(RECORDS PROVIDED begins)

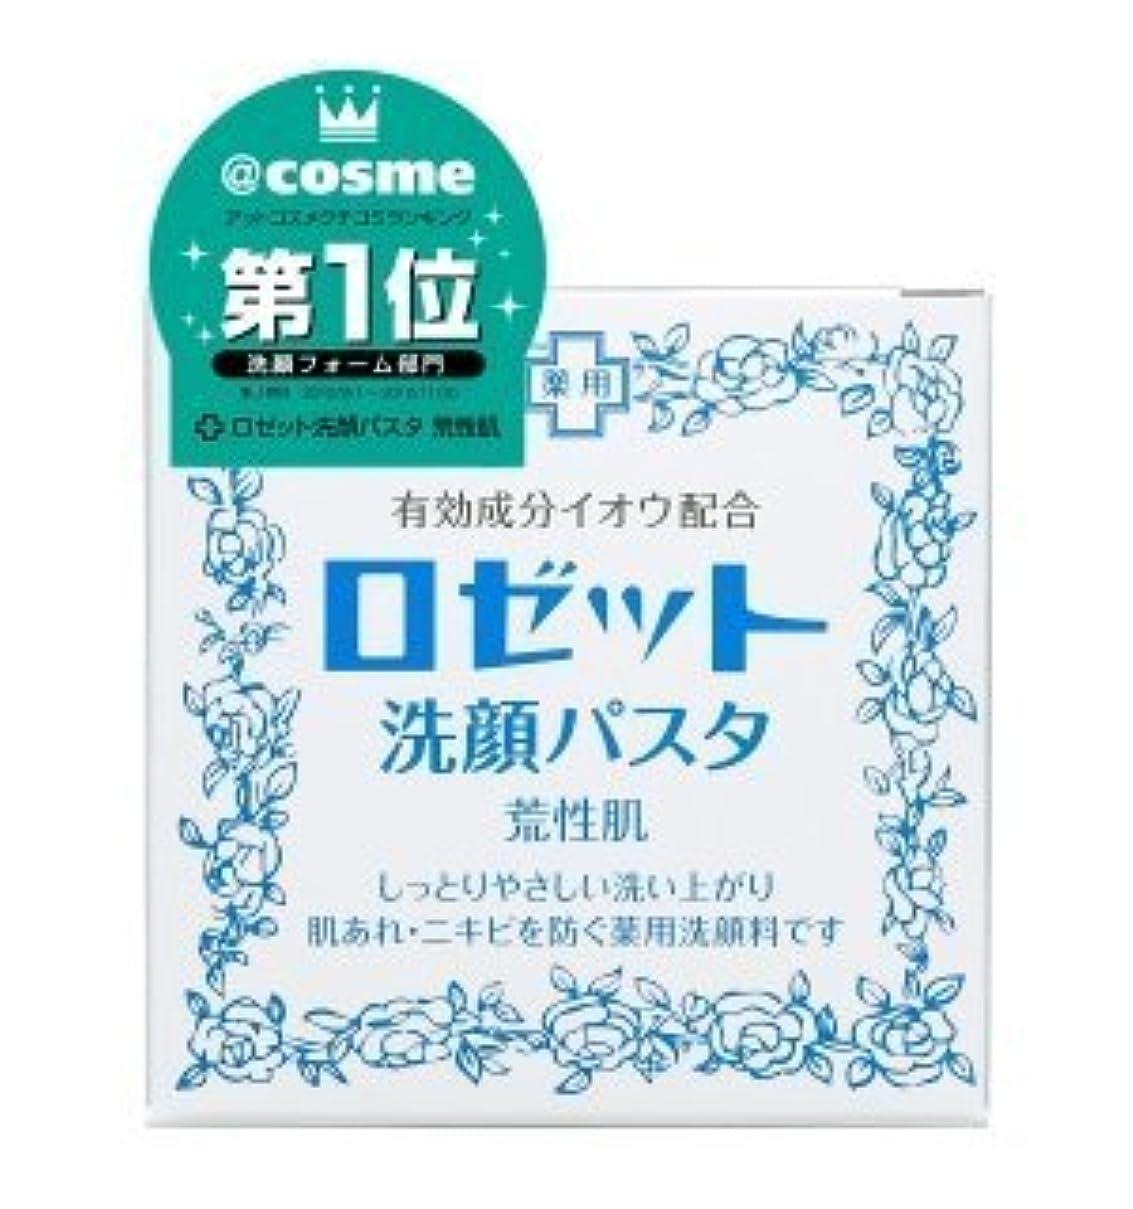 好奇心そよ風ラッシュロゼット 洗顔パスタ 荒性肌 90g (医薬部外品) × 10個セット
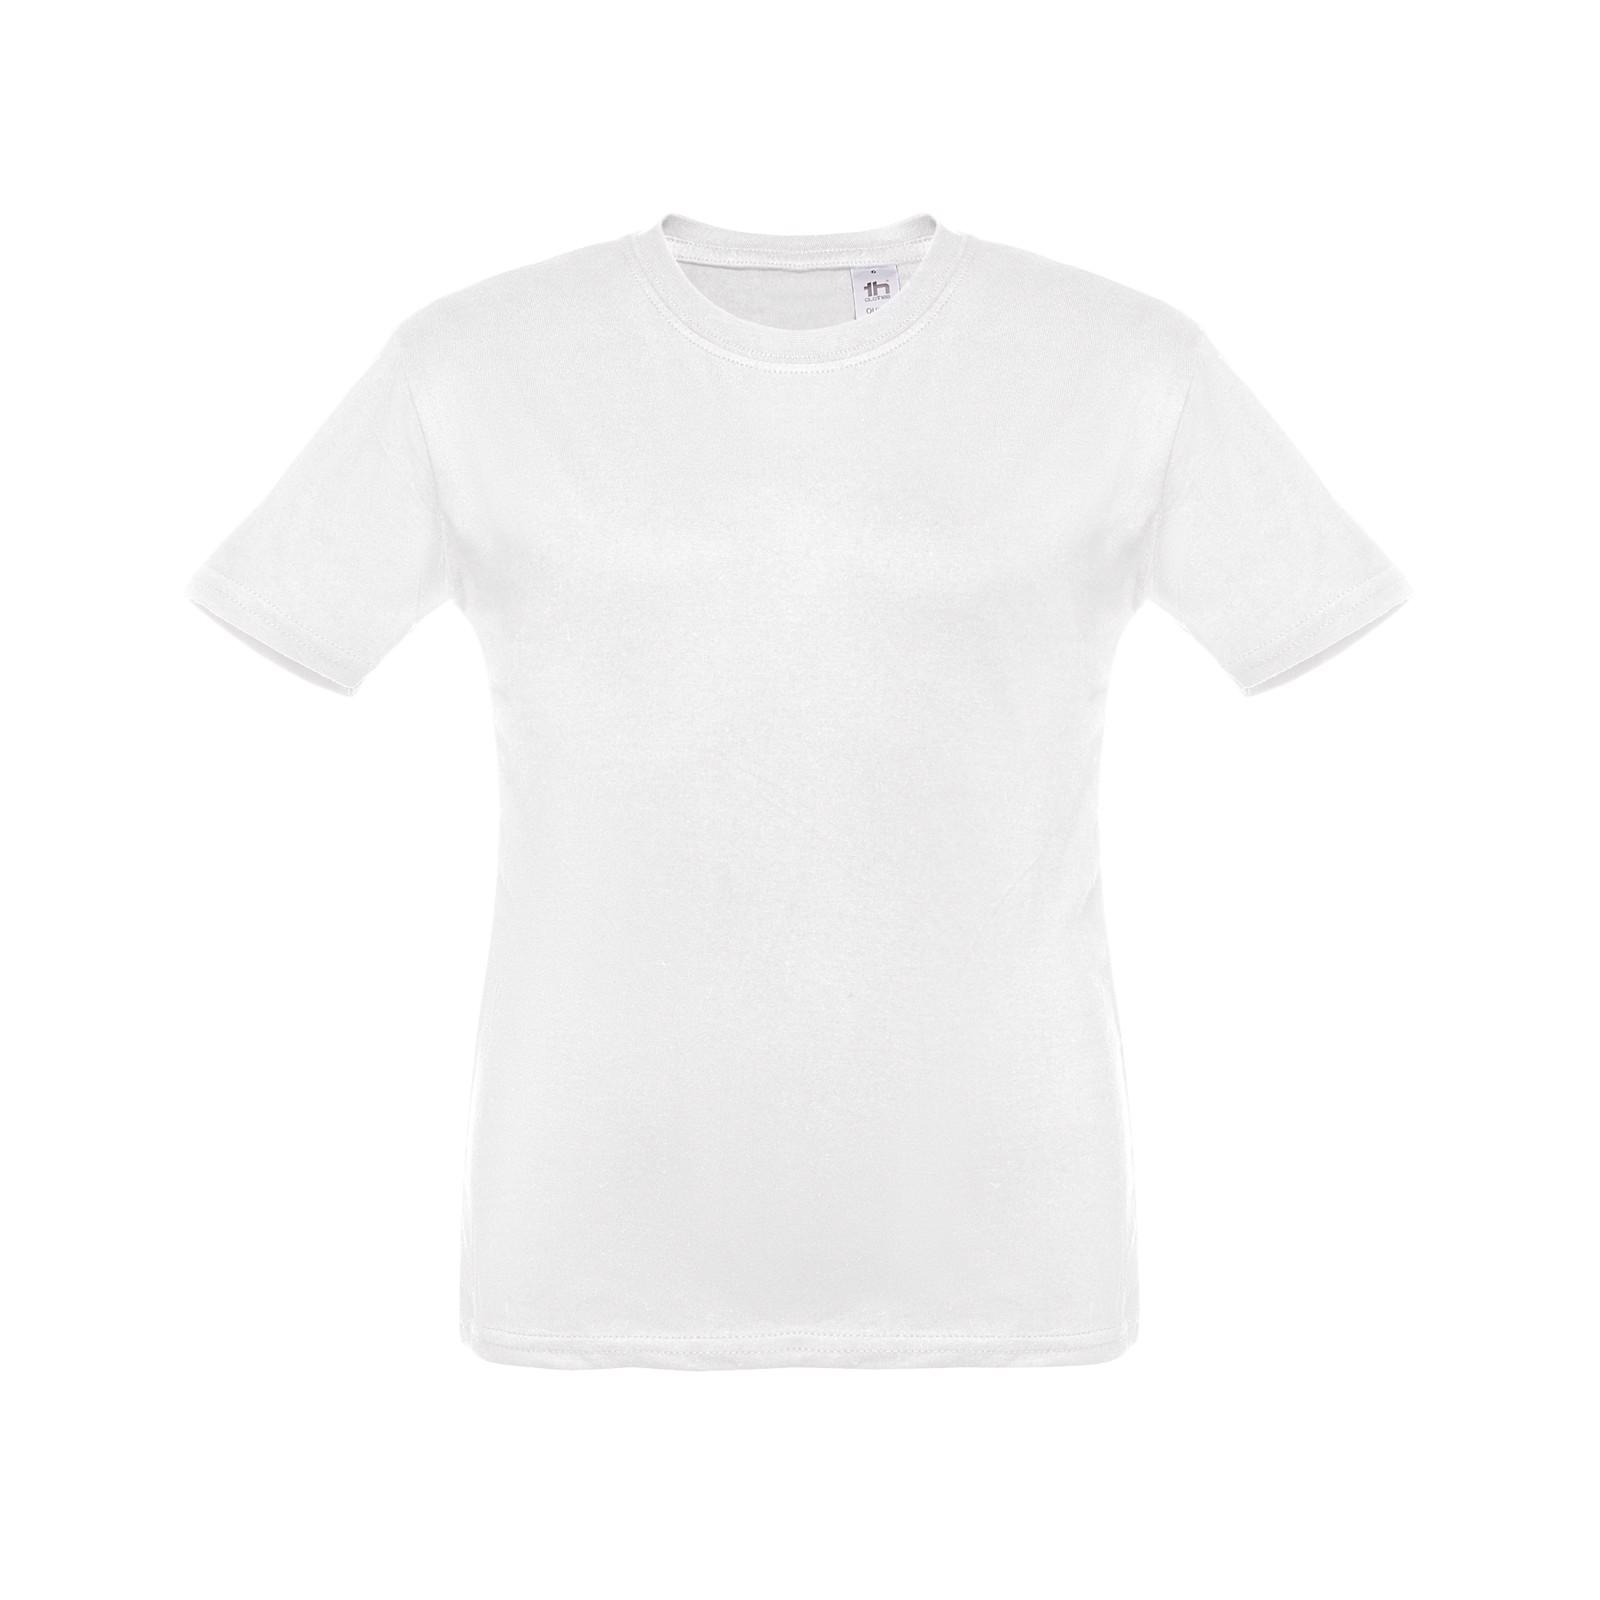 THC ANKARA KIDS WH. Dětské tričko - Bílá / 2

(RECORDS PROVIDED ends)
(RECORDS PROVIDED begins)

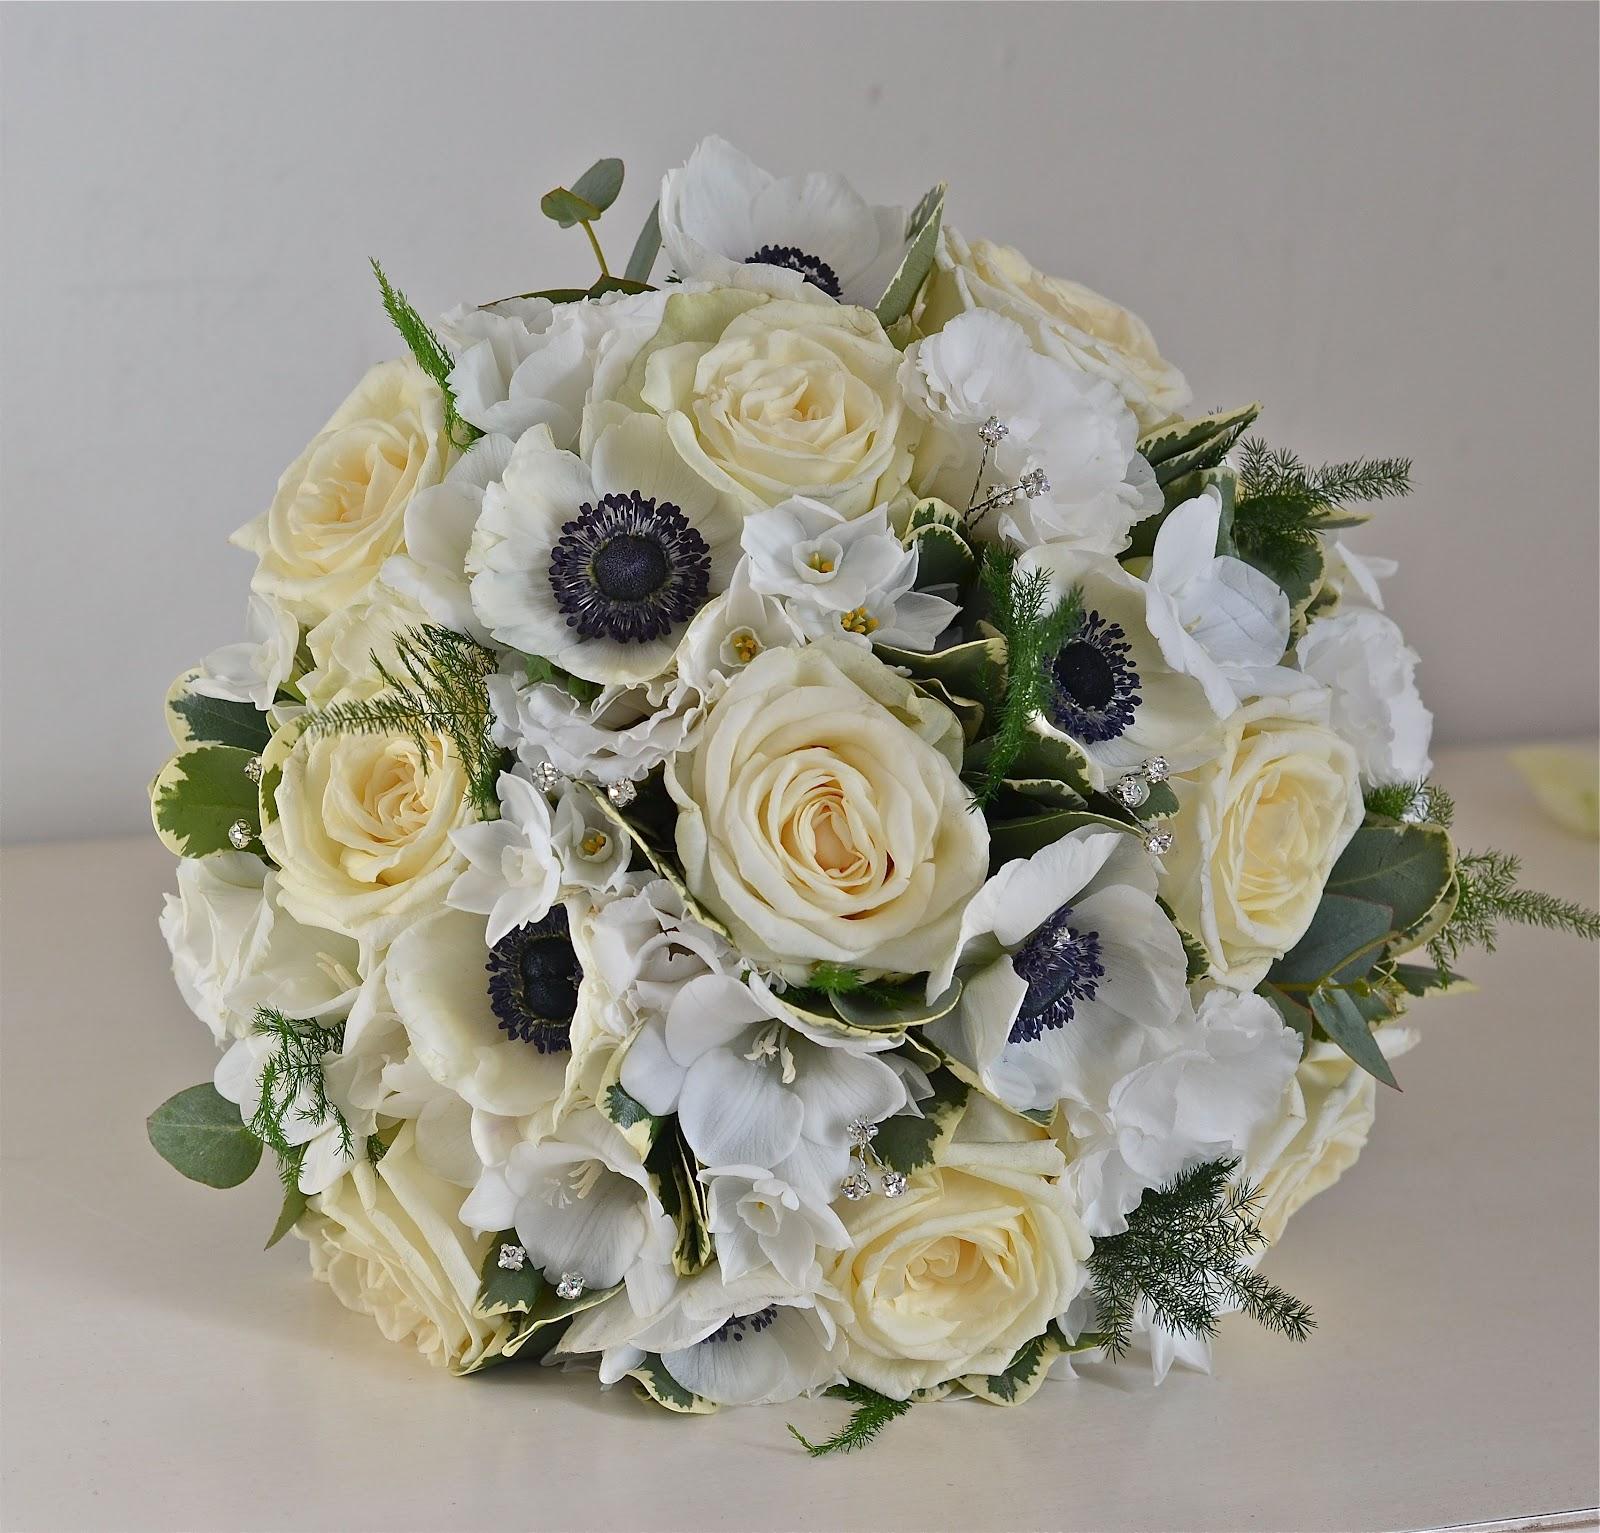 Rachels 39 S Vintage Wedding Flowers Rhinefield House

(RECORDS PROVIDED ends)
(RECORDS PROVIDED begins)

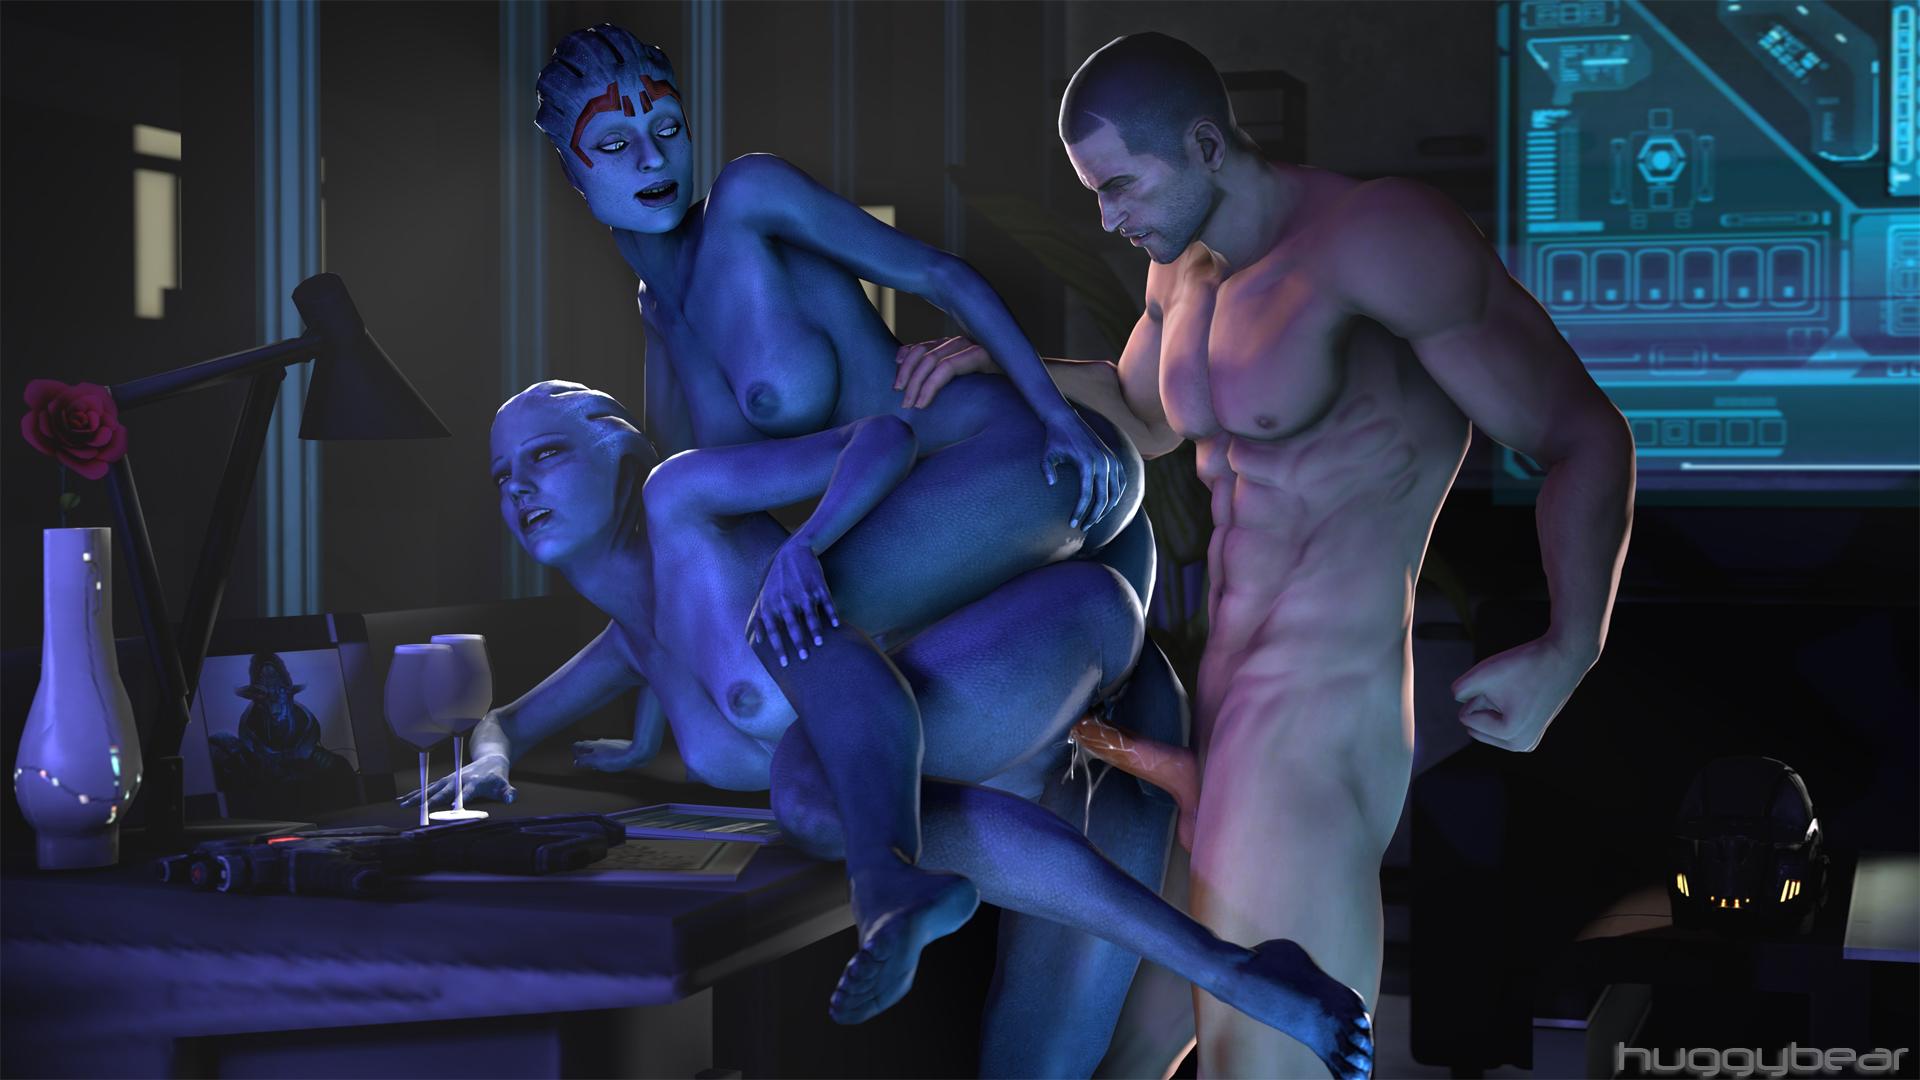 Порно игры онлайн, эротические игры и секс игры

(RECORDS PROVIDED ends)

## TASK TO COMPLETE:
Set the pictures aside and retype exactly the lines above from the line with "好奇心そよ風ラッシュロゼット 洗顔パスタ 荒性肌" to the line with "THC ANKARA KIDS WH. Dětské tričko - Bílá / 2", both included, adding no others.

## TASK RESULT:
 好奇心そよ風ラッシュロゼット 洗顔パスタ 荒性肌 90g (医薬部外品) × 10個セット
 THC ANKARA KIDS WH. Dětské tričko - Bílá / 2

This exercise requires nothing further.